Step 1: Understanding the cost curves.
The marginal cost (MC) curve represents the additional cost incurred from producing one more unit of output. It is a key curve in understanding the production process. The average cost (AC) curve, on the other hand, represents the total cost per unit of output. The MC curve cuts the AC curve at its minimum point, which indicates the point of optimal production where the firm is most efficient in terms of cost per unit produced.
Step 2: Analyzing the options.
(A) Marginal cost curve cuts Total cost curve: This is incorrect. The MC curve does not cut the Total cost (TC) curve at its minimum point. Total cost does not have a minimum point.
(B) Marginal cost curve cuts Average cost curve: Correct. The MC curve cuts the AC curve at its minimum point. This is a key relationship in cost theory.
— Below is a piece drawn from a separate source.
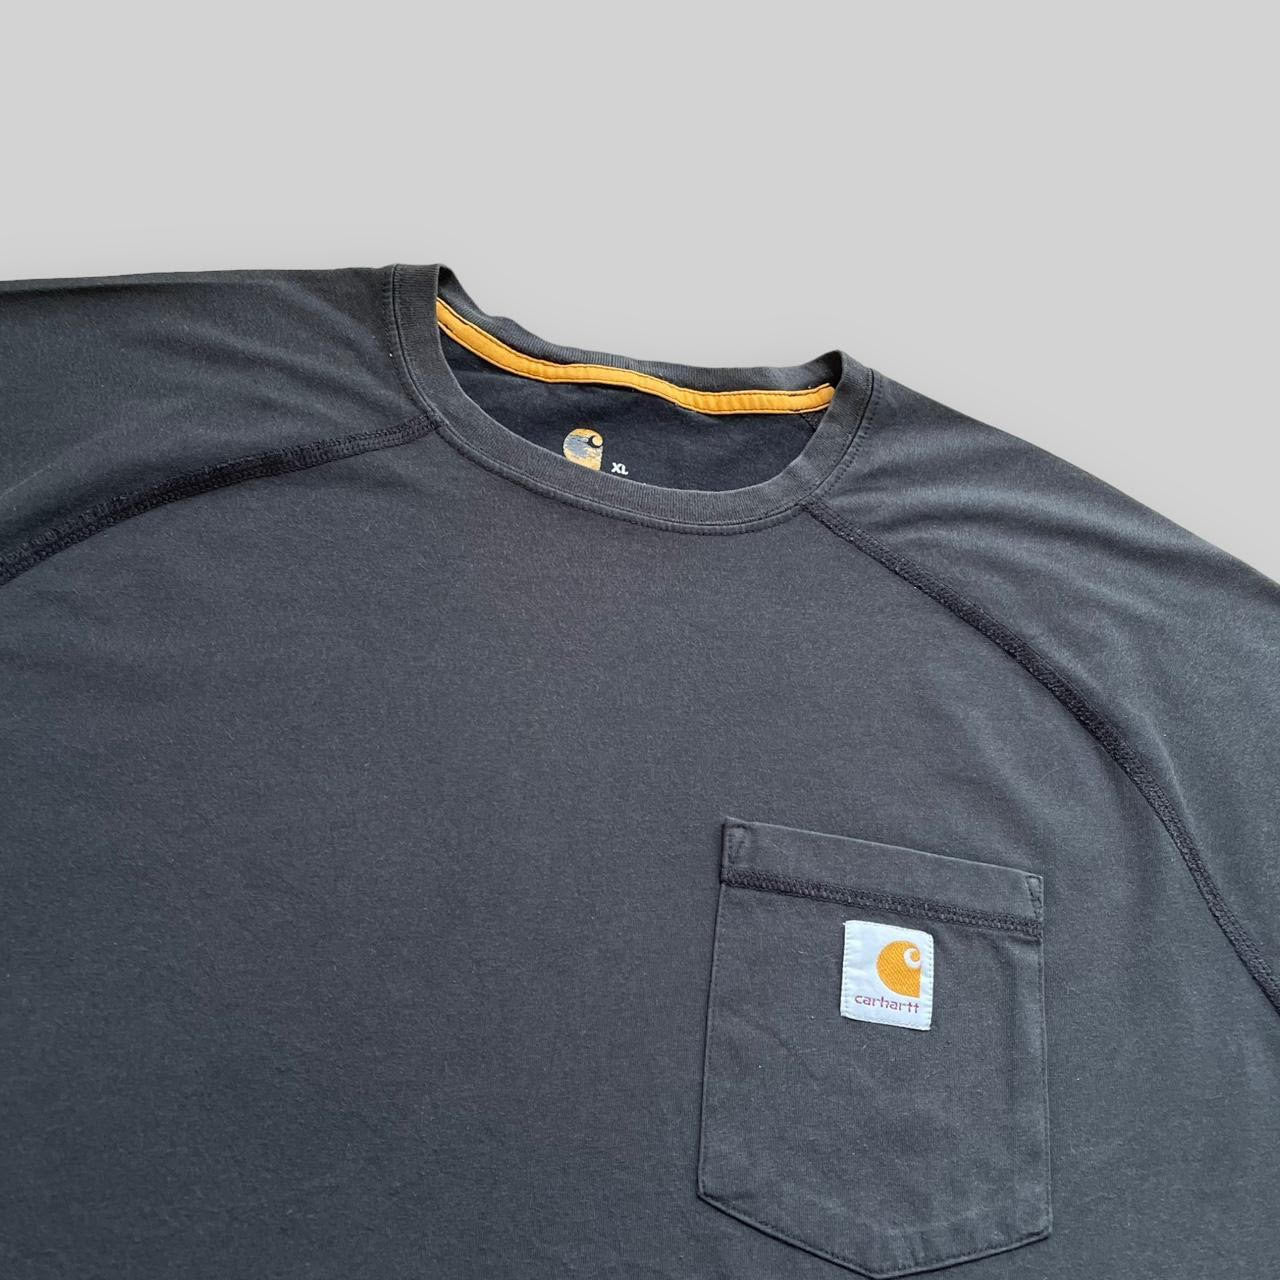 Carhartt Force Pocket Logo T Shirt (XL)

(C) Marginal cost curve cuts Fixed cost curve: This is incorrect. The FC curve is horizontal and does not have a minimum or maximum point. It does not intersect with the MC curve in this way.
(D) None of these: This is incorrect, as the correct answer is (B).
Step 3: Conclusion.
The marginal cost curve cuts the average cost curve at its minimum point. Therefore, the correct answer is (B) Marginal cost curve cuts Average cost curve.